If 50% of the delegates must be laypersons, why are there not more women? If the majority of delegates, are laypersons why is that directly contradicted by the following statement?

Either the majority are laypersons or the majority are based on positions. How can it be both?

Edit: I think my math was bad. Apparently 50% of 50% must be laypersons. That leaves 75% of the delegate pool dominated by males.


How delegates are chosen:

In some divisions, if you are pro-WO, you are chosen. There should be some democratic process of nomination and election, as the official church in some areas does not represent the membership.

Misleading. The General Conference is a support organization for the Union Conferences, just as the Union Conferences are support organizations for the Local Conferences, etc.

Also wrong. The GC does not get to define the Fundamental Beliefs. But I agree that the power grab that started with the enumeration is continuing.

Right, and that 25% is largely chosen by the group the other 75% represent.

Unity in diversity. Unity in purpose. Not uniformity in cultural issues. And certainly not preserving the status quo just because it is the status quo.


Perhaps I’m just a little OCD, but I noticed that 1% of the delegates are “ageless” :smile:. (I suspect the percentage figures are rounded to the nearest whole percent, and that is why the numbers add up to 99 and not 100).

On a slightly more serious note, it’s disturbing that 84% of delegates are over the age of 40, and 57% (or 58%) are over the age of 50. If that is actually representative of the church demographic, it doesn’t bode well for the future.

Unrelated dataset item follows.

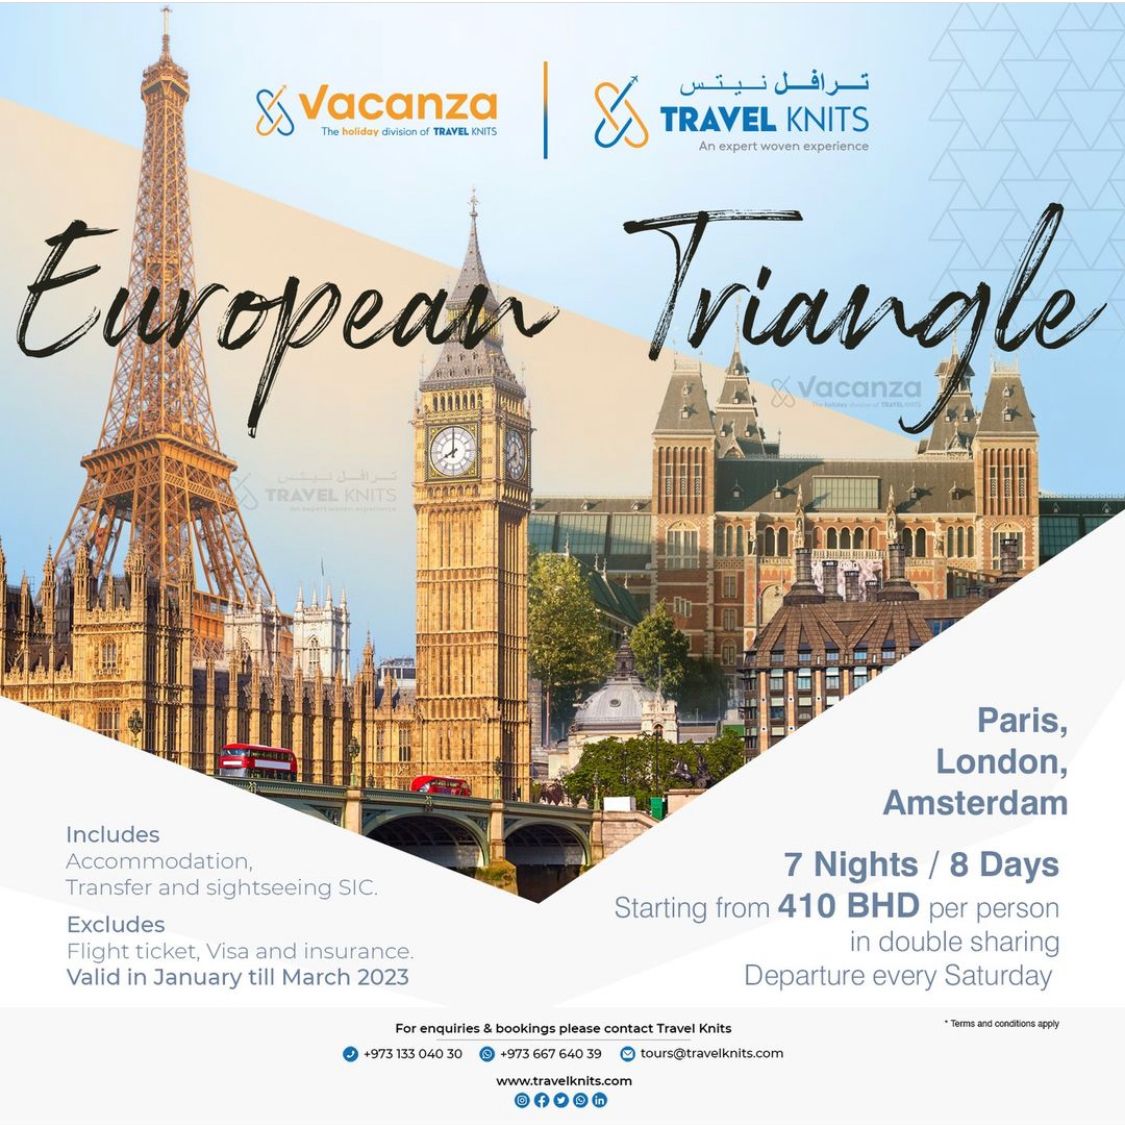 European Triangle|NetherlandsTour Packages - Book honeymoon ,family,adventure tour packages to Netherlands|Travel Knits												
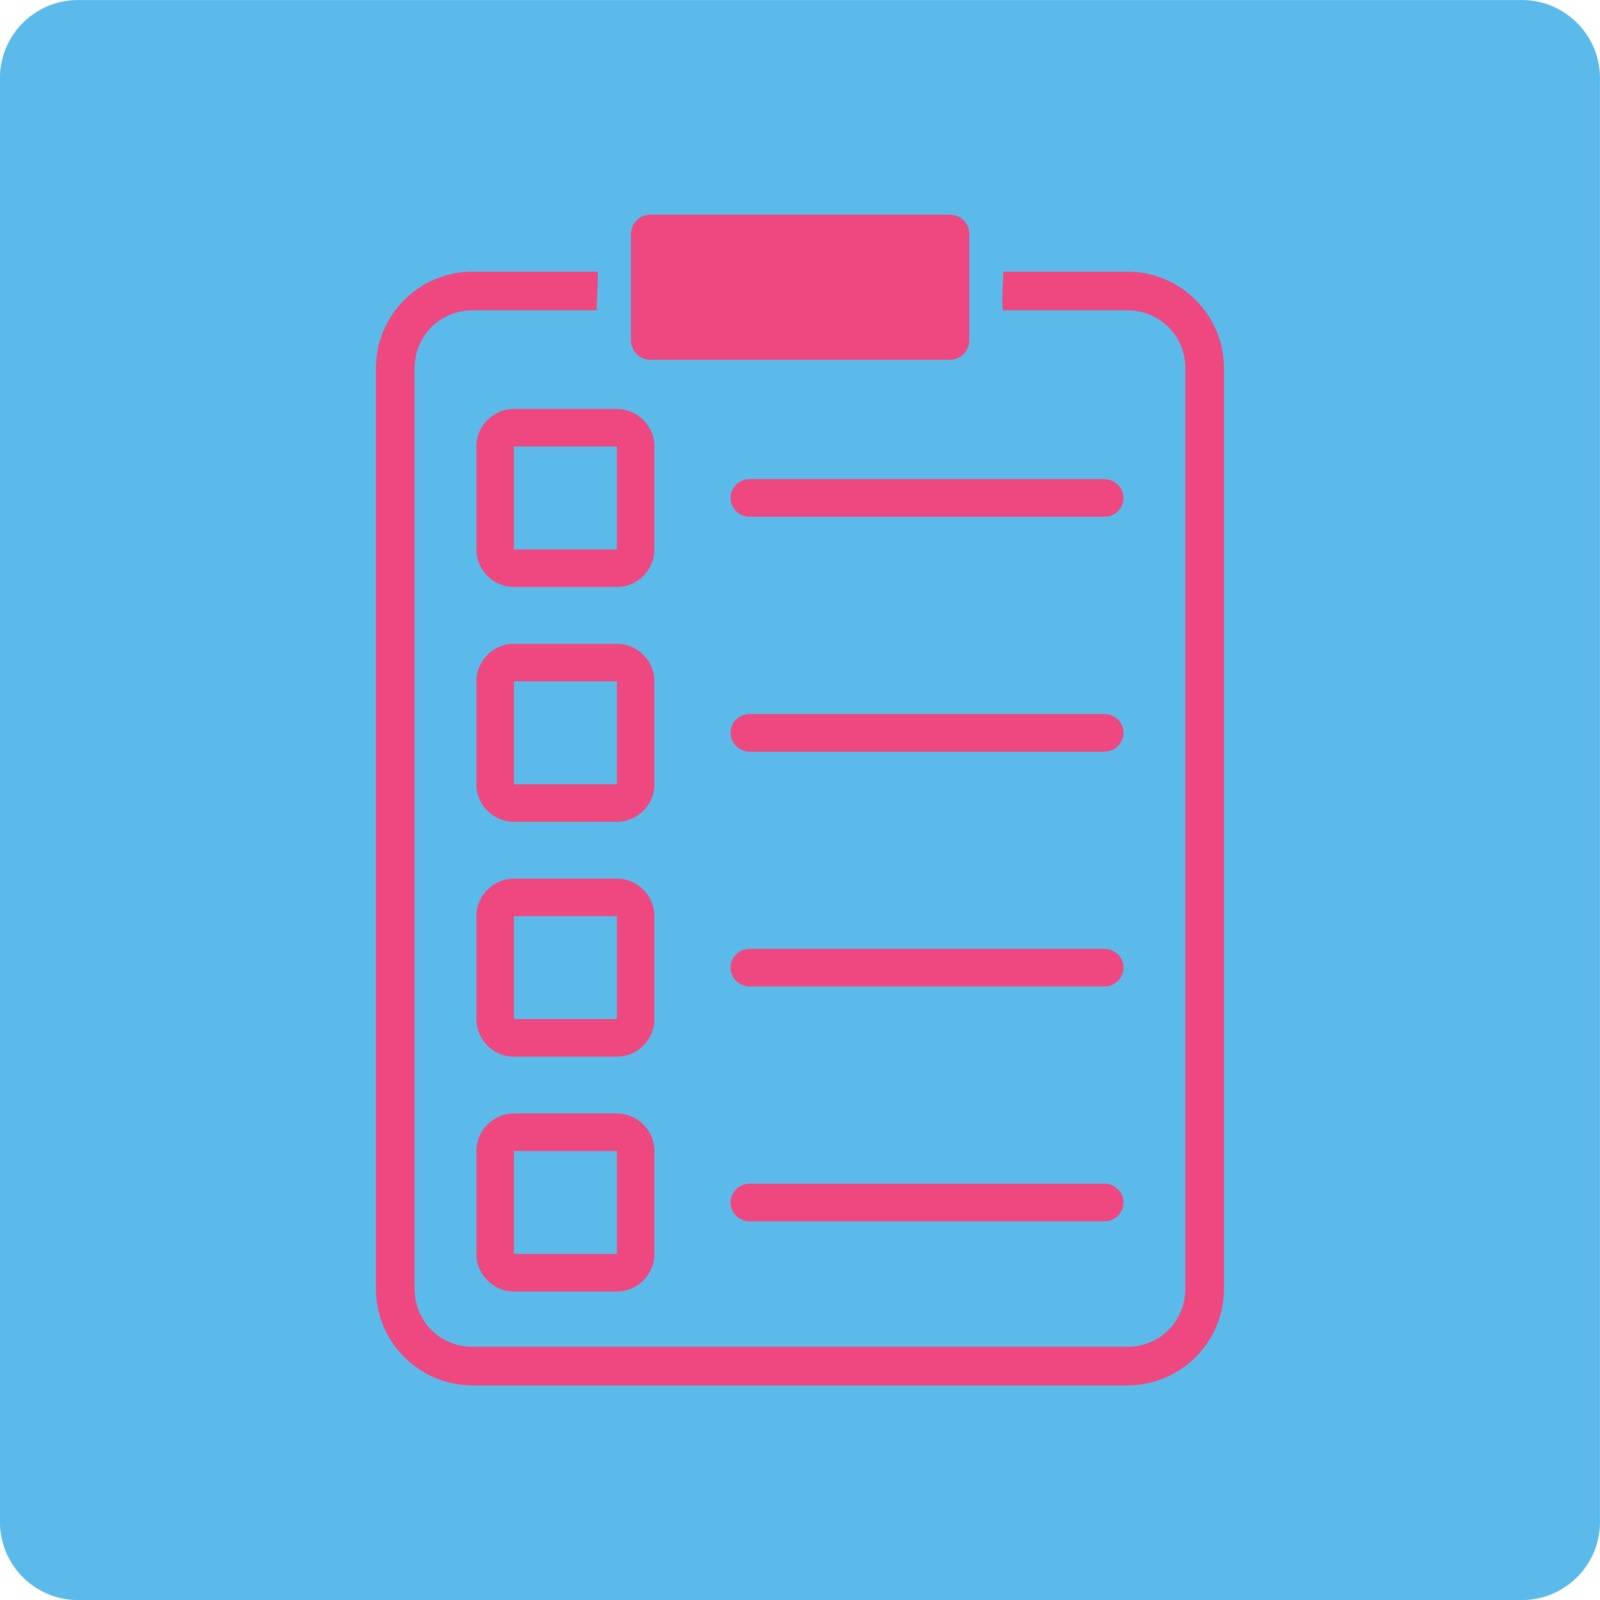 Examination icon. Vector style is pink and blue colors, flat rounded square button on a white background.

It may represent the age distribution in the US where the last numbers I saw show a median age for north America at 51 years. I have had a hard time confirming it, but I understand that in South America and Southern Africa the church is considarably younger.

The university System of Georgia consists of 33 colleges and universities. on a regular basis, the presidents of each unit meet with the Chancellor and his staff. at one such meeting early in my career as Vice President I was sent to represent my president who was ill. I was introduced, an old timer immediately took the seat beside me, and began to instruct me on how to vote on each issue…Non of which had any real significance to the system. of course I listened and then voted my own position that I could defend with my president.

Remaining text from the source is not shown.